TASK BRIEF: Down to the last line, set down the listing below exactly, apart from its pictures.

BEGIN GIVEN DATA

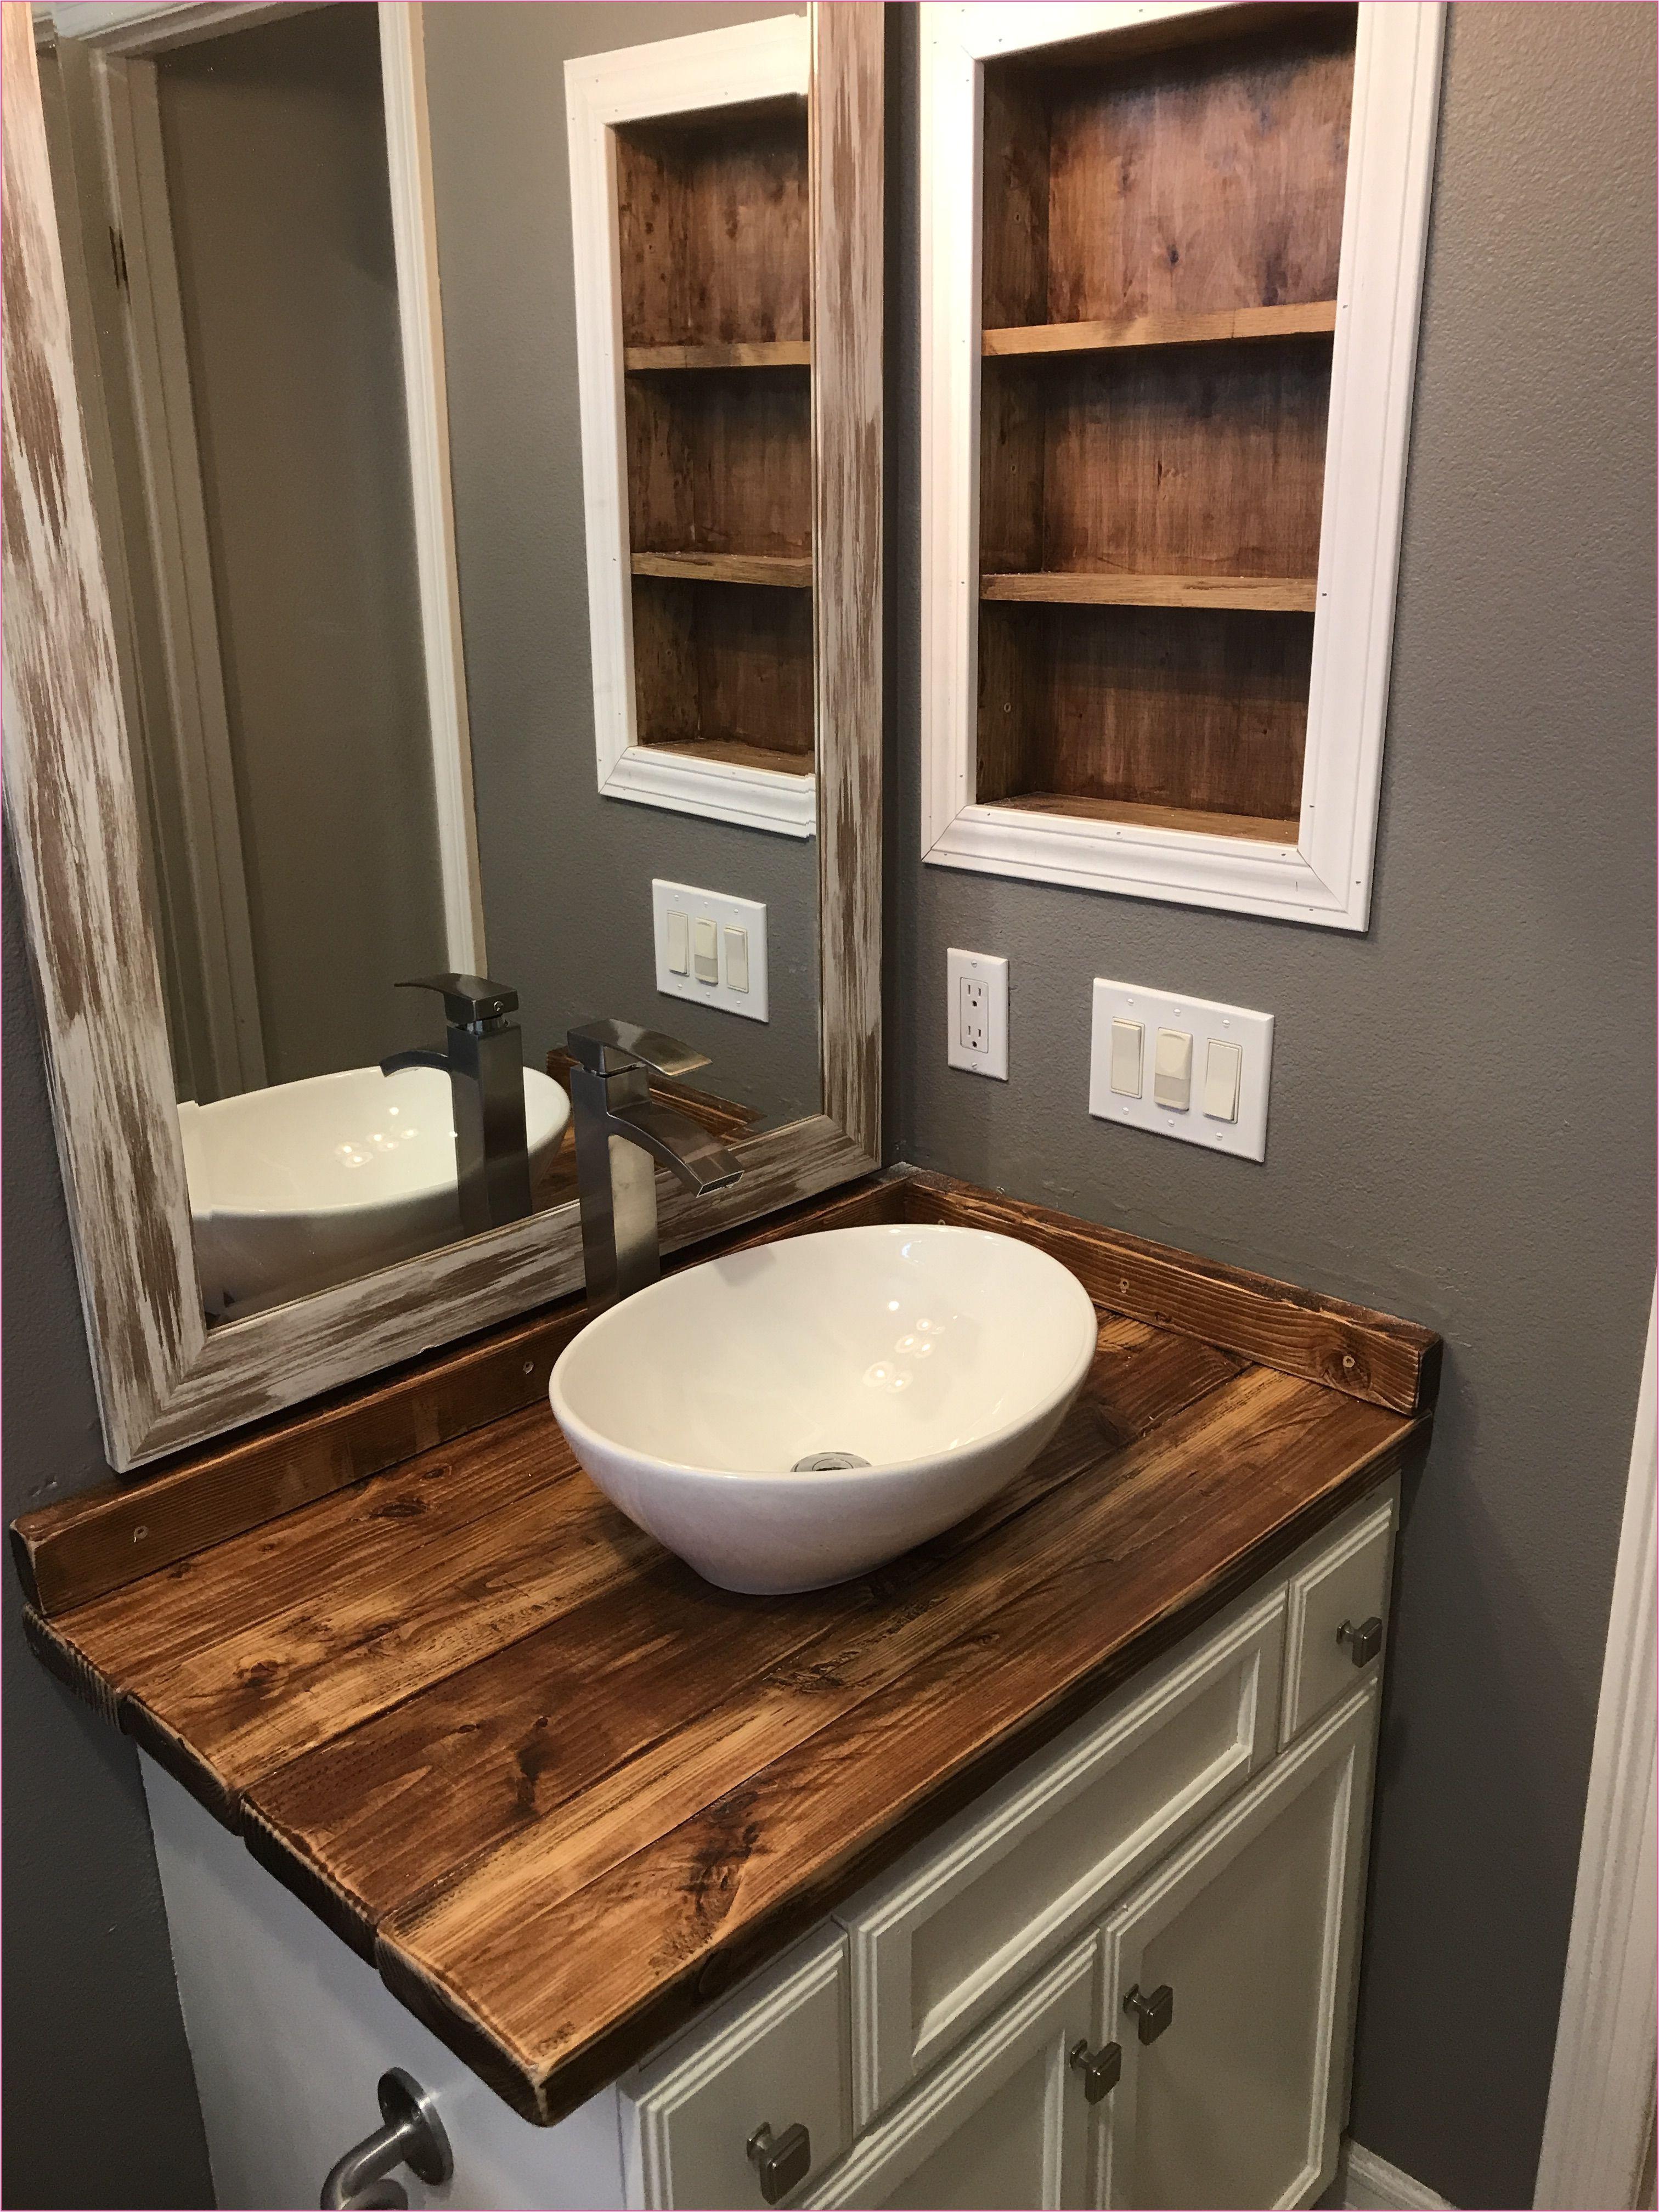 diy rustic wood countertop and vessel sink bathroom makeover bathroom rustic 36 inspirational shiplap in bathroom moisture
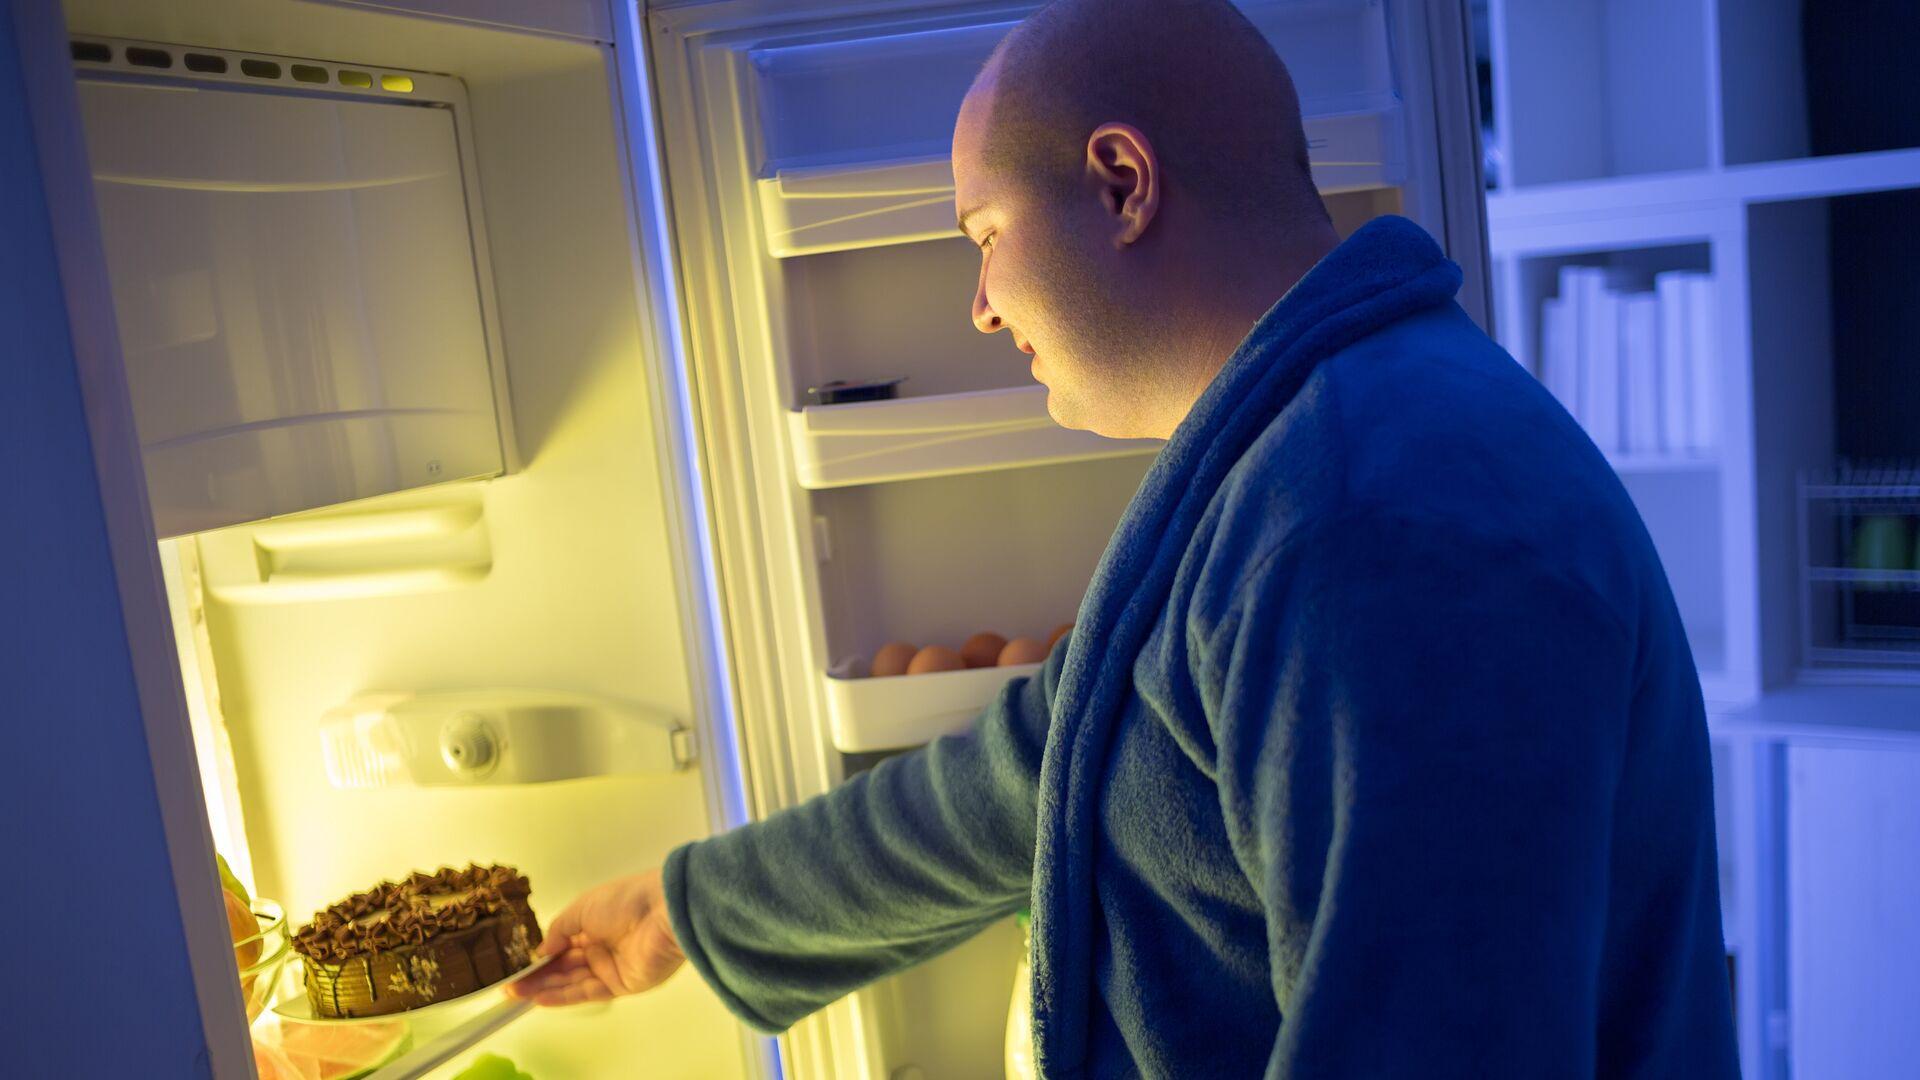 Толстый мужчина у холодильника - РИА Новости, 1920, 14.01.2021
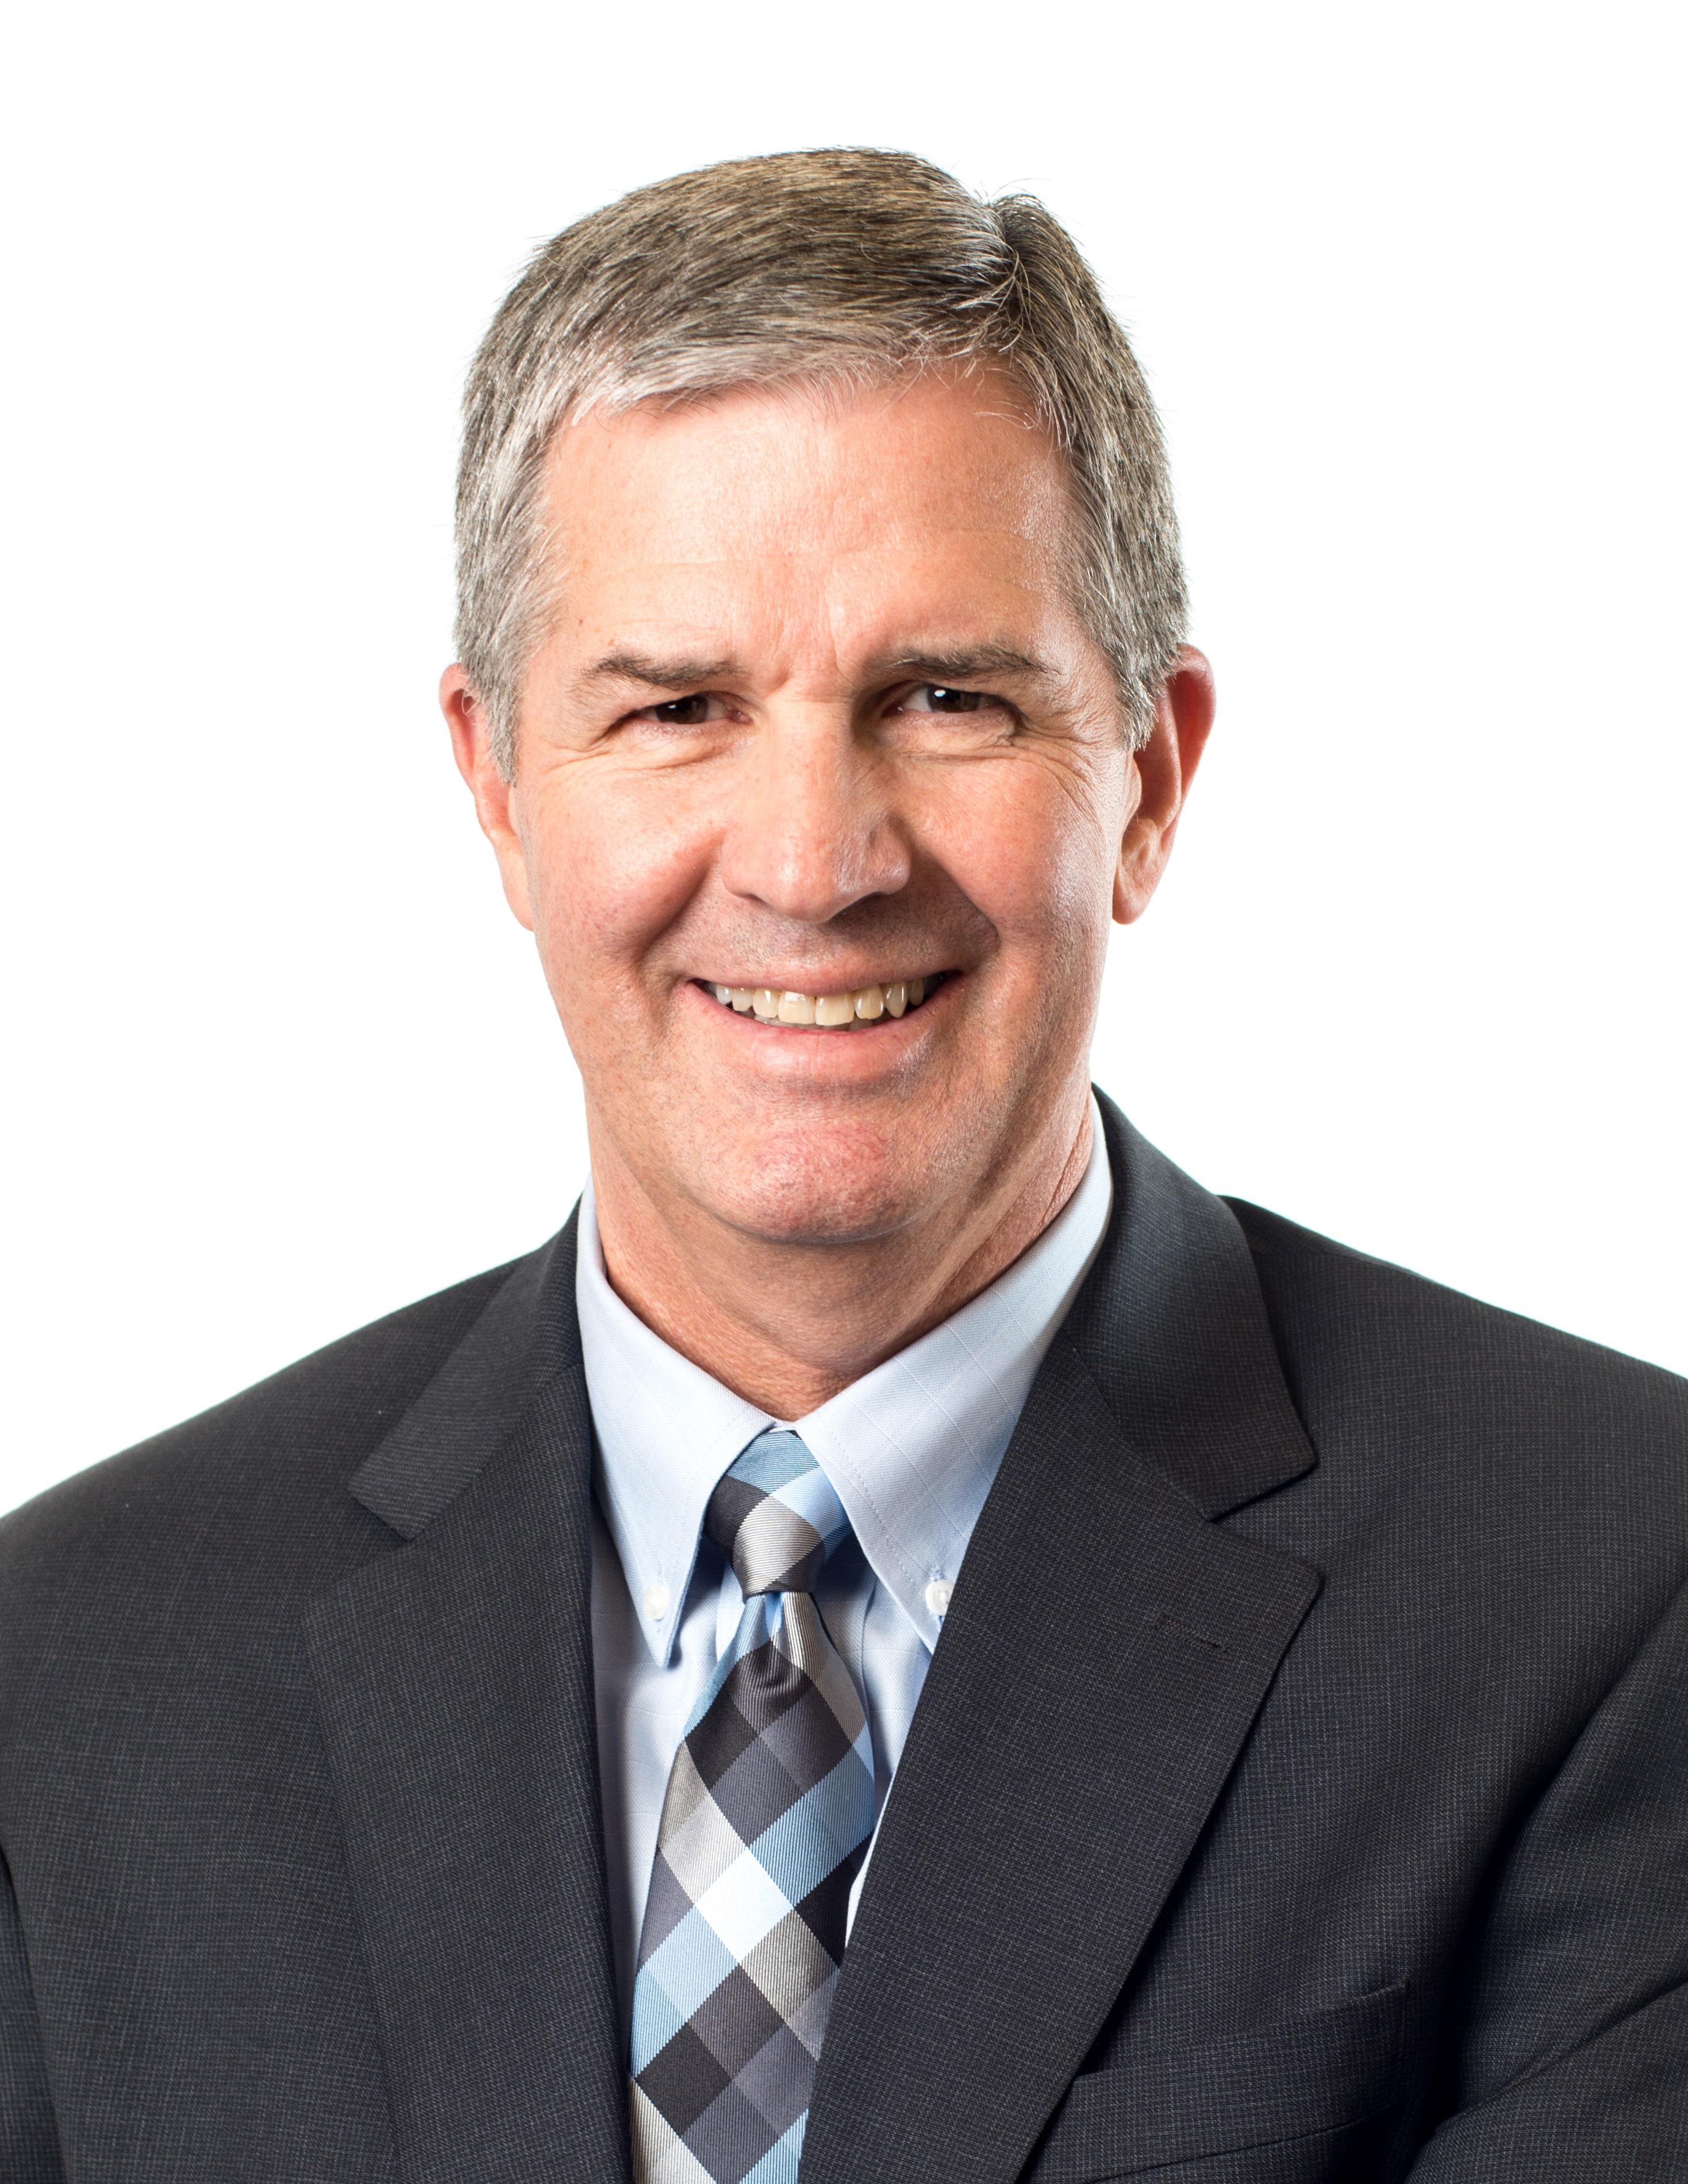 Brad Nielson, THE BUCKNER COMPANY

END GIVEN DATA

EXERCISE ANSWER:
 diy rustic wood countertop and vessel sink bathroom makeover bathroom rustic 36 inspirational shiplap in bathroom moisture
 Толстый мужчина у холодильника - РИА Новости, 1920, 14.01.2021
 Brad Nielson, THE BUCKNER COMPANY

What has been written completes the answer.